Monday, 27 October 2008
Sitting on the riverbank and watching the sunset.
I daydream as the sun sinks below the horizon.
Watching the dancing rivulets of water, as the river flows
shining golden and sparkling in the evening light.
The river meanders on townwards.
The hungry river that has swallowed many a life
of people playing on this riverbank.
I wonder about those lives lost.
swallowed by this local deity.
I sit and look into the deep, brown water.
Thinking with sadness how those
who were dragged into these murky depths
must have felt.
And the heartbreak of those left behind.
Rising upwards with ferocious speed
she floods our little town.
We think we are the ones in control...
The waters break the riverbanks
and take, take whatever is in her path.
It is not to play without respect
with this local goddess who weaves her way
through our town.
For her power is awesome.
And she is ever hungry for more.
Sunday, 12 October 2008
I have been asked what flamekeeping is and what doing a shift means and so I hope this explains what its all about.
I am a member of Ord Brighideach which is an order of flamekeepers. Each keeper tends a flame for 24 hours once every 20 days, although some people take more than one shift.

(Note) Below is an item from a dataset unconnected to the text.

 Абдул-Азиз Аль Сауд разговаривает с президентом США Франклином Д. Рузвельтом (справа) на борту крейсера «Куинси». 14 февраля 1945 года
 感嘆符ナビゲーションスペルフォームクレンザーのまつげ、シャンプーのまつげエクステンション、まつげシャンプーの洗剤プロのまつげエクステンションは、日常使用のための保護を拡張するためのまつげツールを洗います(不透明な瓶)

There are several cills that make up the ord and each cill is made up of 20 shifts, 19 shifts held by flamekeepers and the 20th shift being held by Brighid herself. Each cill is named after a tree and so people can contemplate the qualities of the tree if they want to along with whatever else they contemplate while they tend their flame.

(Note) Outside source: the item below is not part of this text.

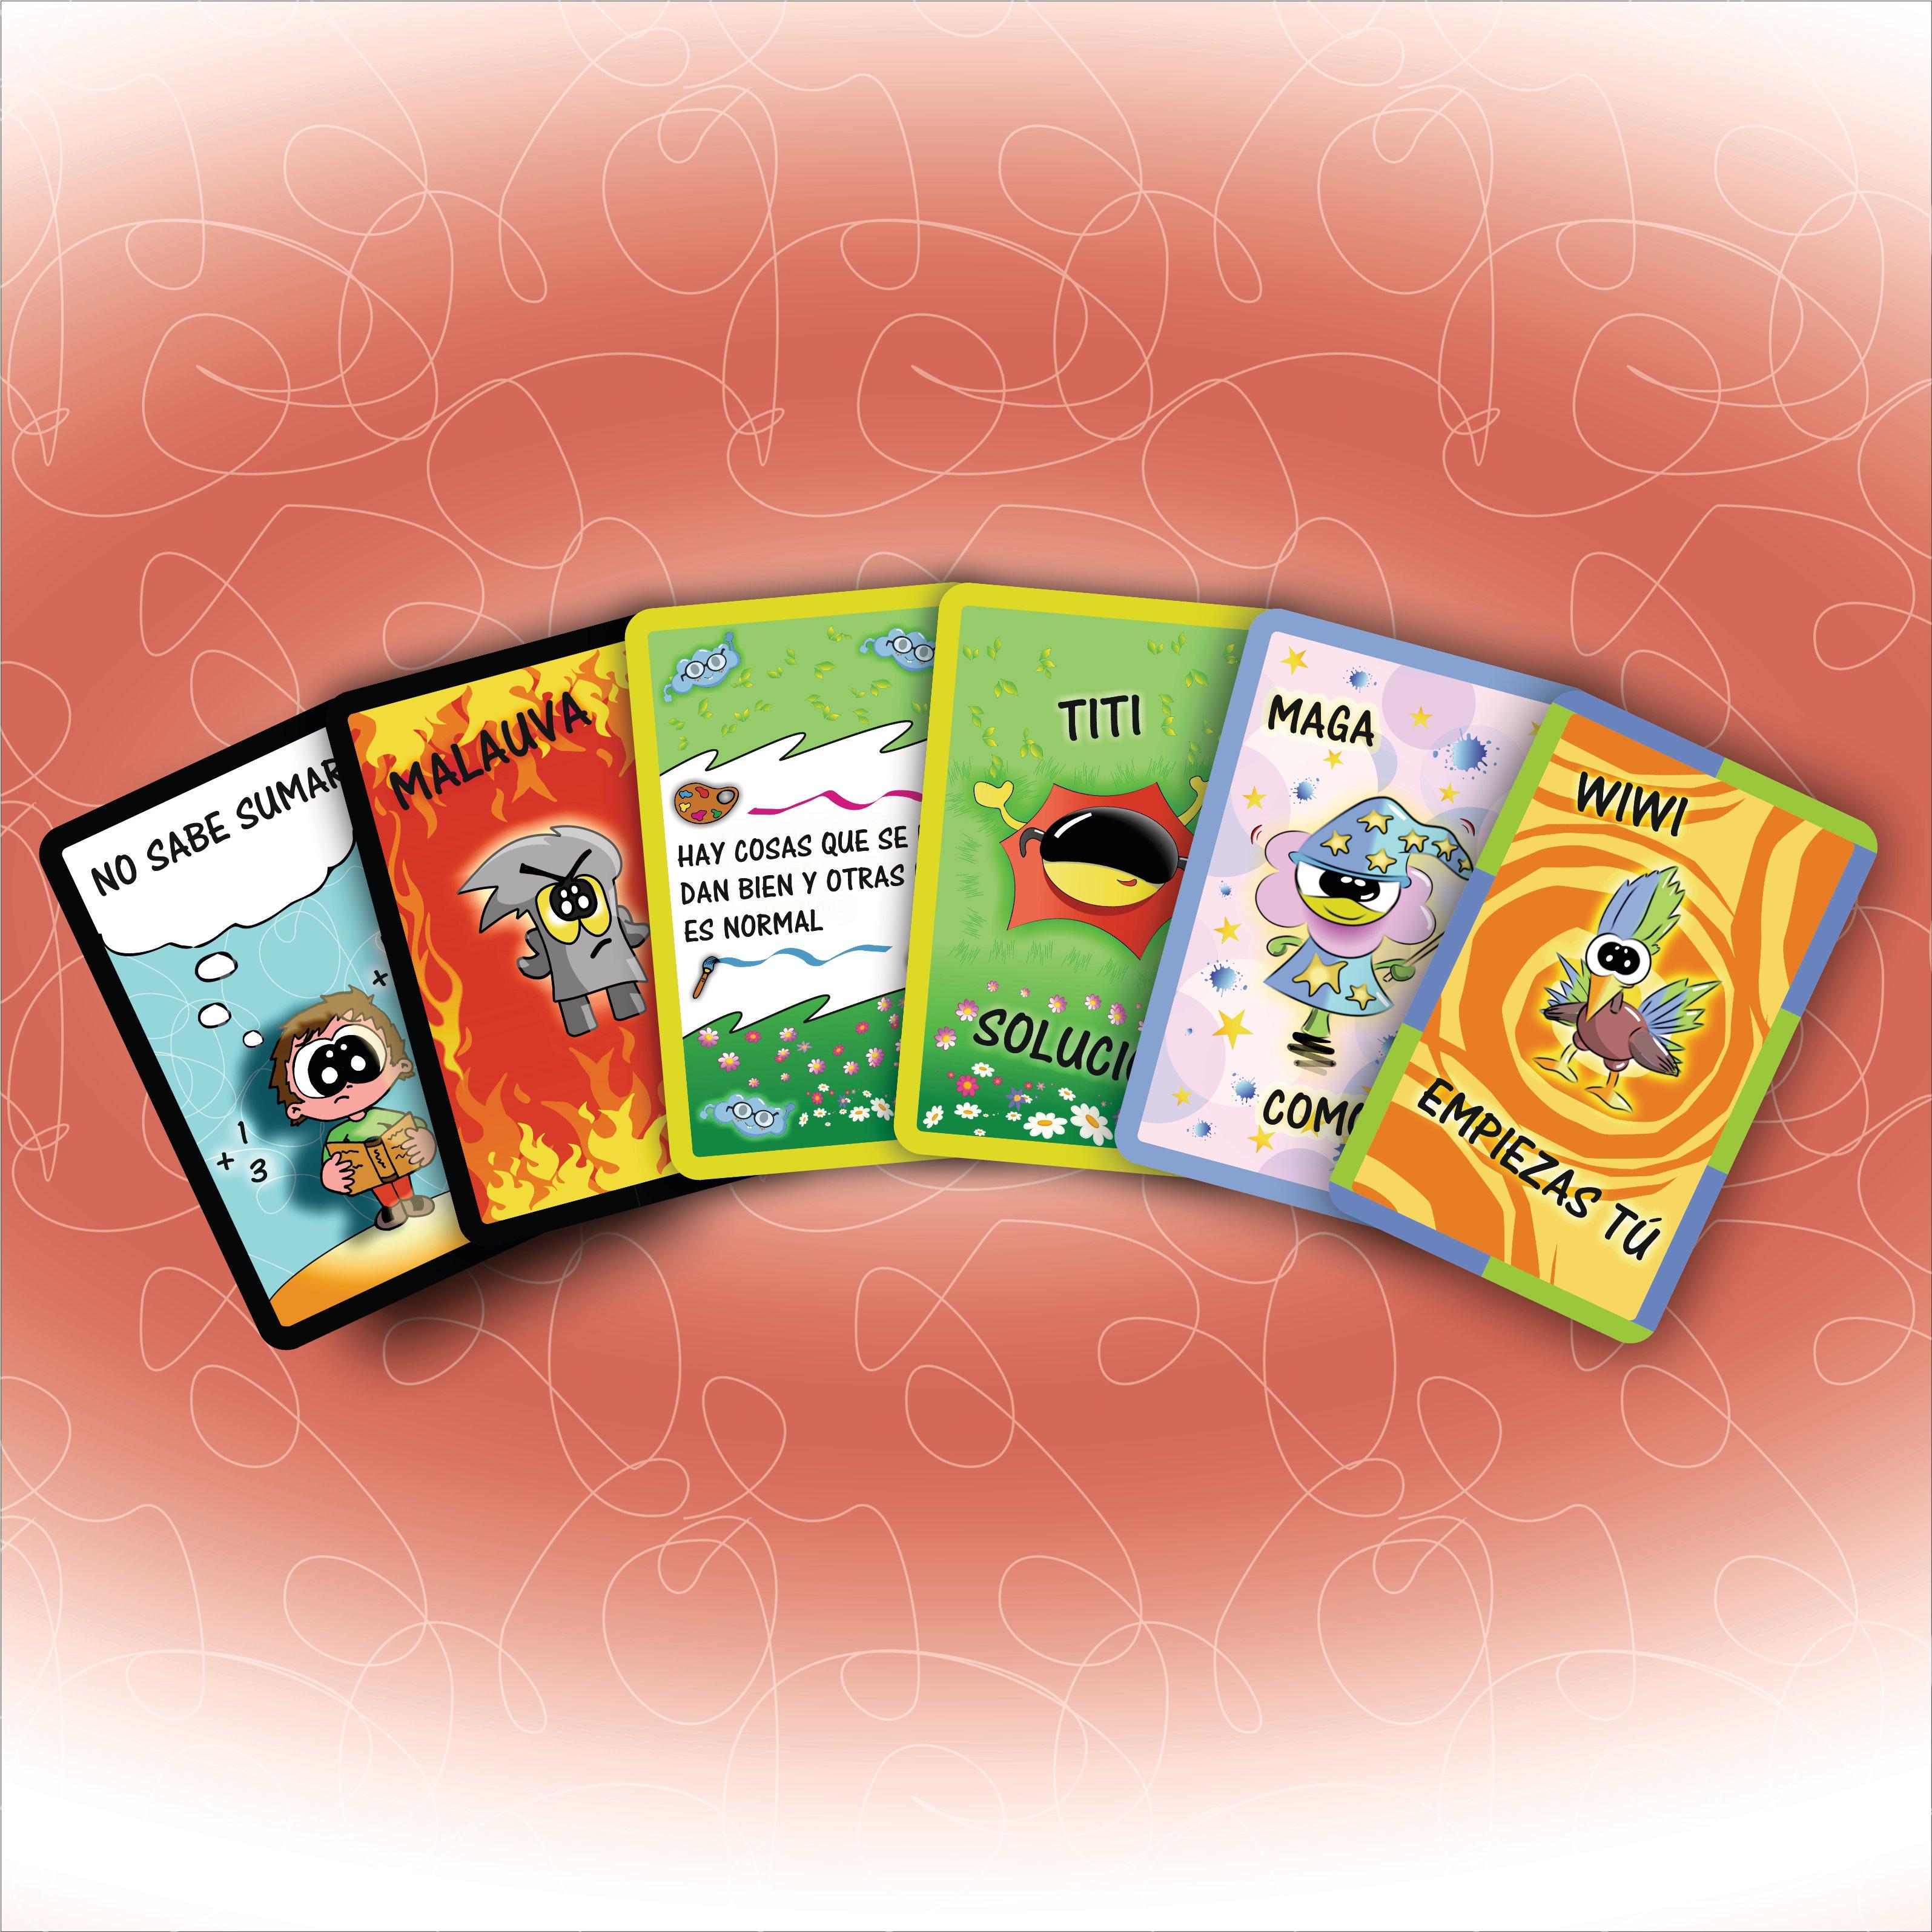 Juego de cartas descargable- Motivacion infantil - Inteligencia emocional 00002O

At the basic level, a flamekeeper dedicates a candle to Brighid and keeps it lit in honour of her for 24 hours once every 20 days. However many people also pray, meditate and perform rituals in honour of Brighid during their shift time. I do a mixture of all of the above, some shifts I light my candle and it burns with the minimum of attention, at other times I pray and do ritual, or sit and contemplate the flame.

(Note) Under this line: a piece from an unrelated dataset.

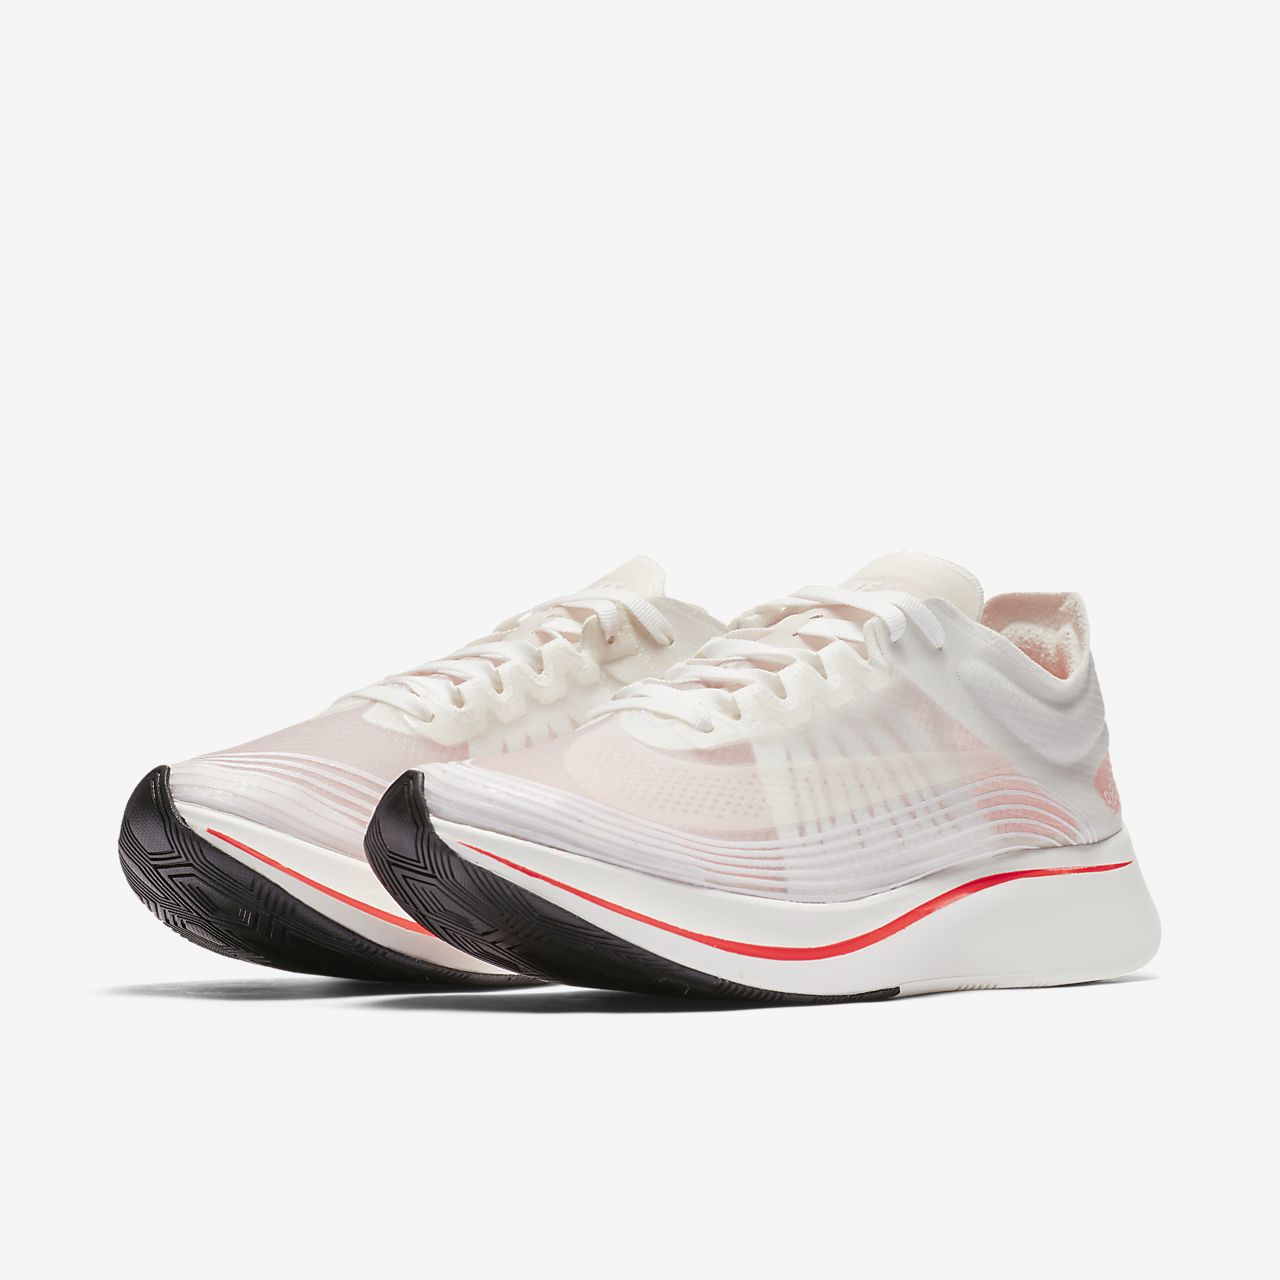 Scarpa da running Nike Zoom Fly SP - Donna

At the moment, my flame is burning on my outdoor altar in a hurricane lantern and it will burn all night until sundown tomorrow. My flame is lit from the perpetual flame that burns in Kildare, and is passed on in the wick of a candle. I also burn my flame on my indoor altar. I have a beautiful wooden lantern on a table specially for this.
I also hold more than one shift and I am contemplating having a flame lit all the time since flamekeeping has become a major part of my spiritual path, although I'm not sure how that would work out, or even be possible or desirable.
A quote from the website "We hope that through everyone's effort we will be sending forth into the universe an eternally tended flame for Brighid in the spirit of the historic Kildare flame."
Friday, 10 October 2008
I am glad it is autumn. This year has been difficult and so it is nice to feel it drawing to a close. I decided to sort out the garden recently, as to say it had become overgrown is something of an understatement.
One week before the equinox I decided to tackle the vast overgrowth and so I spent a great day outside chopping back all the hedges, taking out the weeds from the herb beds and generally sorting out what had become a huge mess.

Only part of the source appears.